EBNA3C, one of the Epstein-Barr virus (EBV)-encoded latent antigens, is essential for primary B-cell transformation. Cyclin D1, a key regulator of G1 to S phase progression, is tightly associated and aberrantly expressed in numerous human cancers. Previously, EBNA3C was shown to bind to Cyclin D1 in vitro along with Cyclin A and Cyclin E. In the present study, we provide evidence which demonstrates that EBNA3C forms a complex with Cyclin D1 in human cells. Detailed mapping experiments show that a small N-terminal region which lies between amino acids 130-160 of EBNA3C binds to two different sites of Cyclin D1- the N-terminal pRb binding domain (residues 1-50), and C-terminal domain (residues 171-240), known to regulate Cyclin D1 stability. Cyclin D1 is short-lived and ubiquitin-mediated proteasomal degradation has been targeted as a means of therapeutic intervention. Here, we show that EBNA3C stabilizes Cyclin D1 through inhibition of its poly-ubiquitination, and also increases its nuclear localization by blocking GSK3β activity.

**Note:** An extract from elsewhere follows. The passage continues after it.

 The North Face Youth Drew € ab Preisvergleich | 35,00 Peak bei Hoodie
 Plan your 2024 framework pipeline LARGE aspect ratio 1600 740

We further show that EBNA3C enhances the kinase activity of Cyclin D1/CDK6 which enables subsequent ubiquitination and degradation of pRb. EBNA3C together with Cyclin D1-CDK6 complex also efficiently nullifies the inhibitory effect of pRb on cell growth. Moreover, an sh-RNA based strategy for knock-down of both cyclin D1 and EBNA3C genes in EBV transformed lymphoblastoid cell lines (LCLs) shows a significant reduction in cell-growth. Based on these results, we propose that EBNA3C can stabilize as well as enhance the functional activity of Cyclin D1 thereby facilitating the G1-S transition in EBV transformed lymphoblastoid cell lines.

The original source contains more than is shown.